Not one of the 66 wines could be called a major brand. Calera is the most familiar name, and we like the 2008 Ryan Vineyard Pinot Noir ($79). But who goes to a Cal-Hungarian restaurant for the familiar? By the glass, we'd try that Massican "Annia" 2010 Tocai/Ribolla/Chard blend ($12) or the Abbazia di Novacella Alto Adige Müller-Thurgau 2009 ($10), because with the rich food, we'd look for something light and aromatic to refresh the palate.

With the goat meatballs, Fox suggests a glass of the Tami Sicilia Nero d'Avola 2009 ($9).

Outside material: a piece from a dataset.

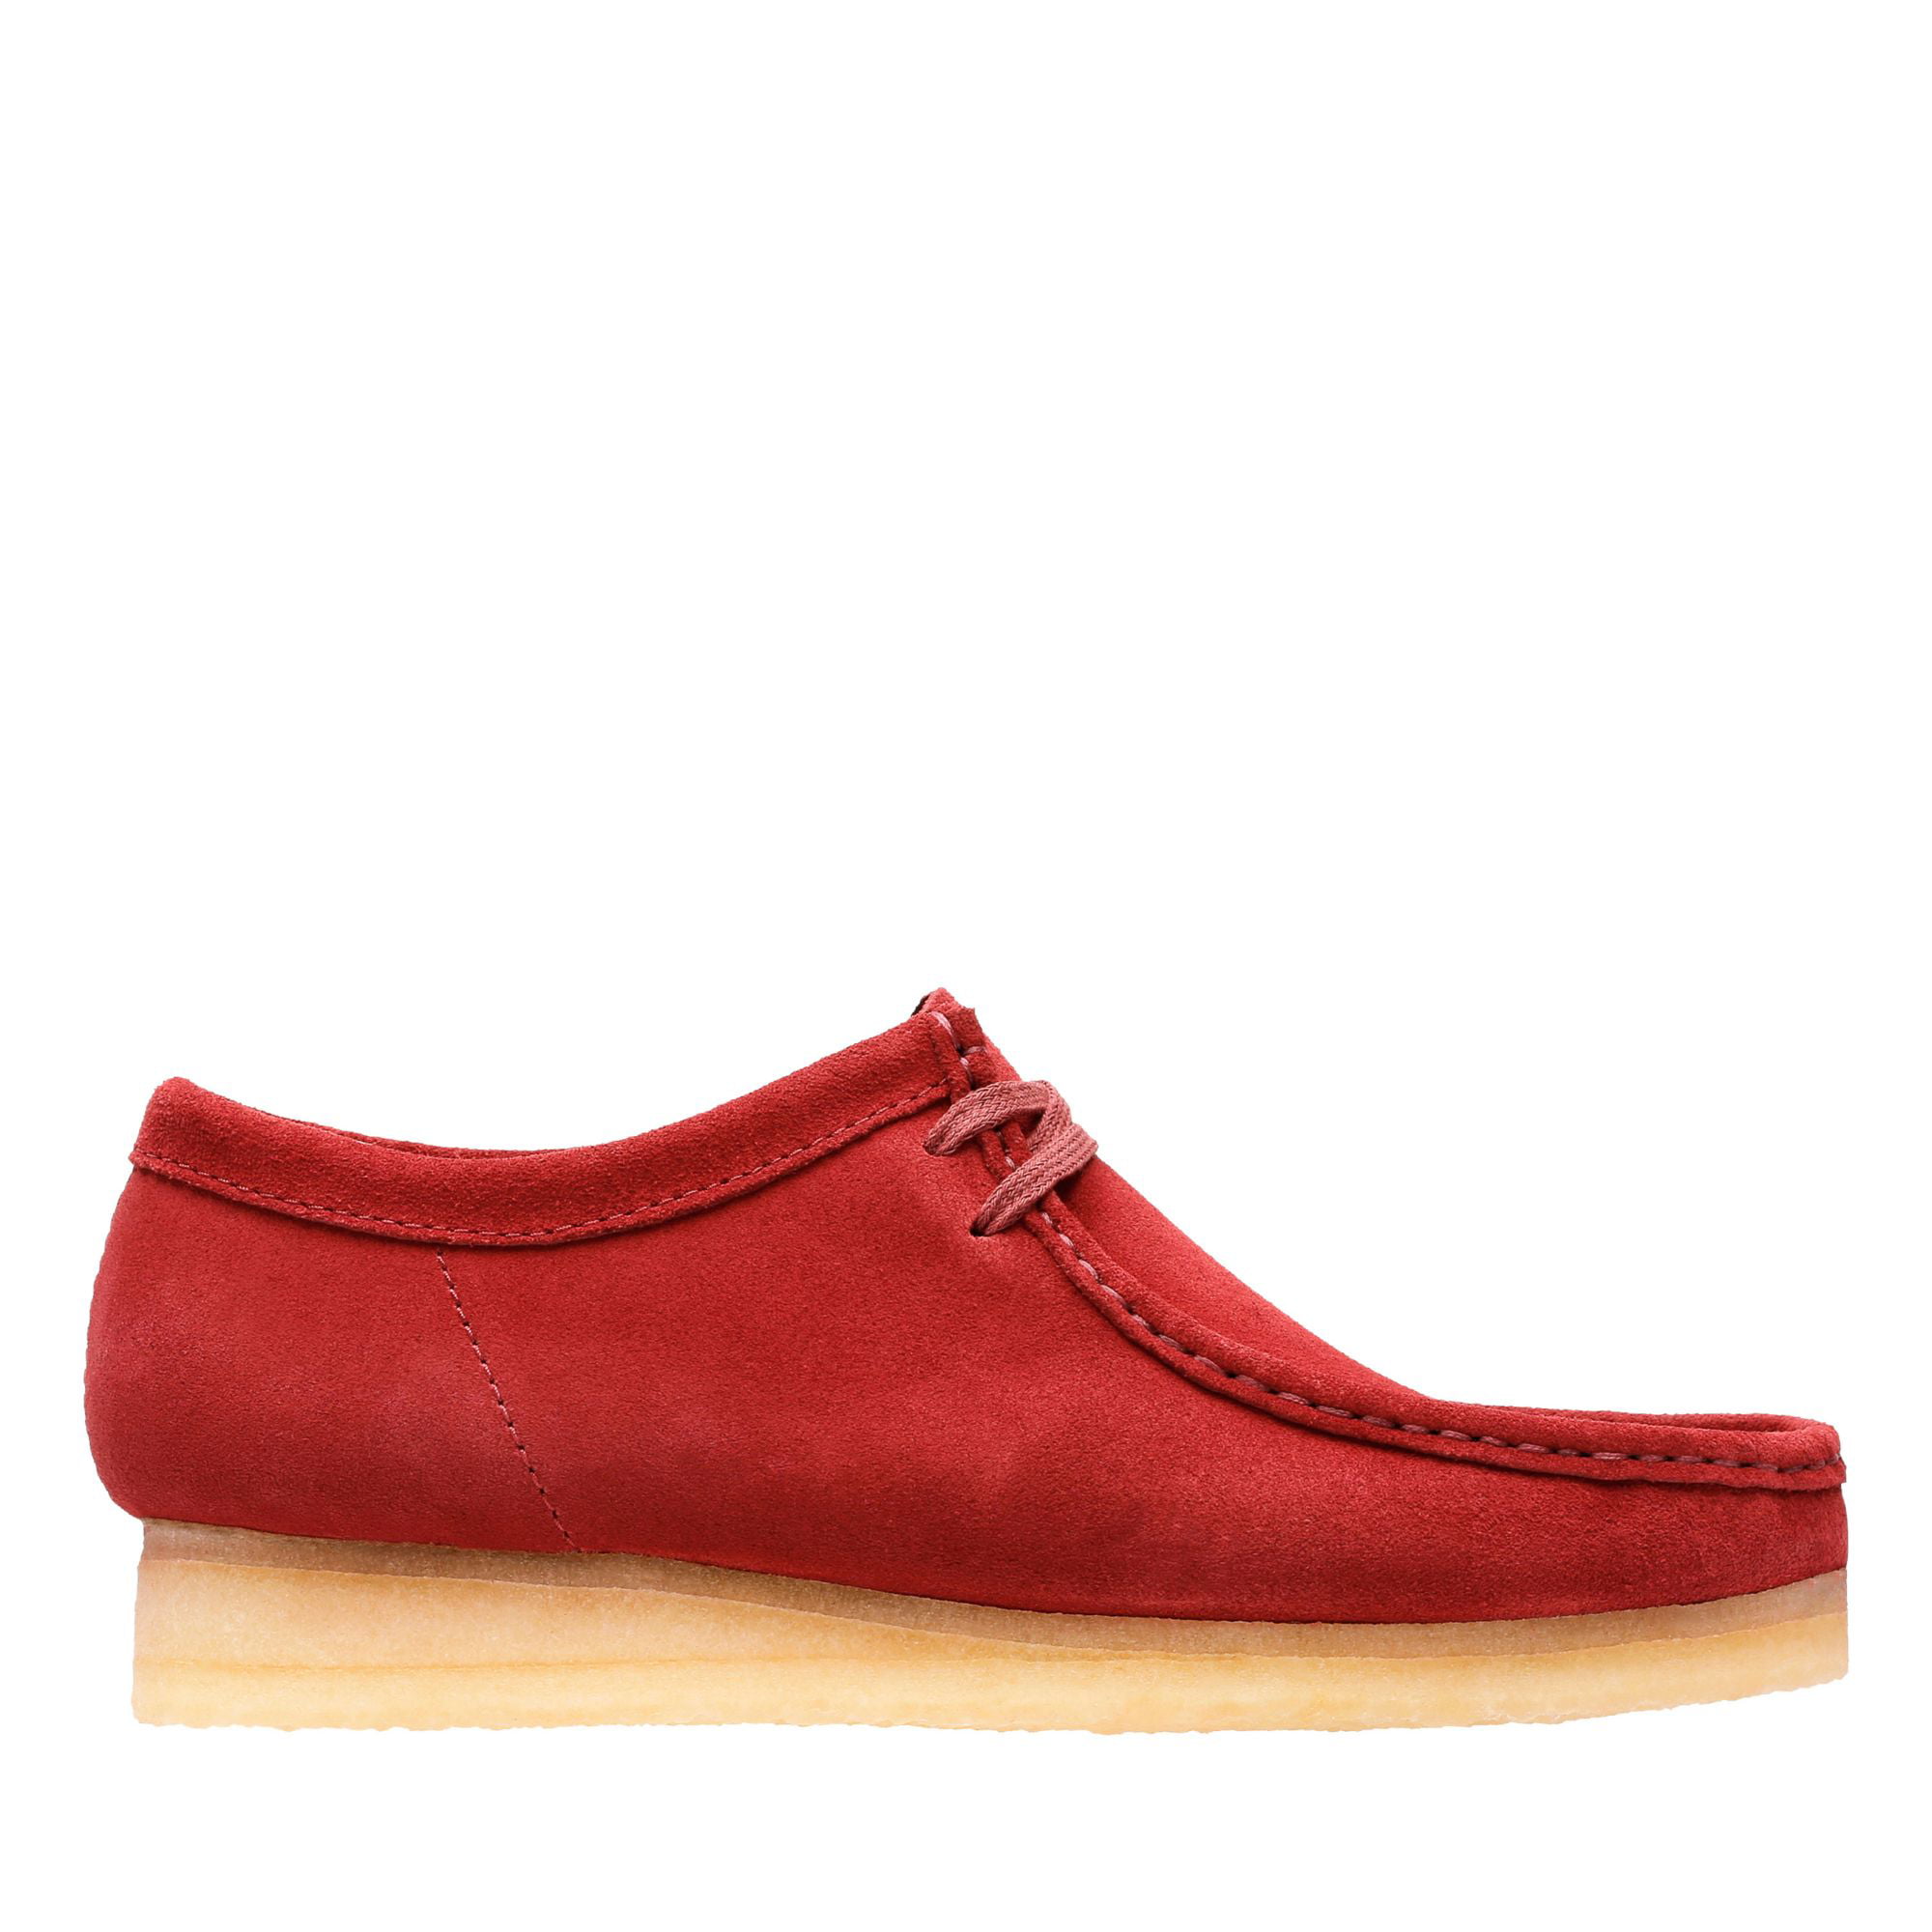 Clarks Originals Wallabee Men's Shoes Red Suede 26128365 - Walmart.com

But with the sour-cherry soup, he recommends one of his 16 beers by the bottle, the Rodenbach Flanders Red from Belgium ($7).

Markup on bottles is generally about double retail, but we found a steal: Wittmann Westhofener S Rheinhessen Trocken Riesling 2007 ($55), which is over $40 in many stores. For a red, we have our eye on Charles Joguet Clos du Chêne Vert Chinon 2005 ($59), from a very good Loire Cabernet Franc producer in a very good vintage. We'd be perfectly happy with the cheapest wine on the list, Domaine de la Pepière Muscadet Sèvre et Maine sur Lie 2009 ($36), which typifies the small-producer, hand-harvested aesthetic Fox is shooting for.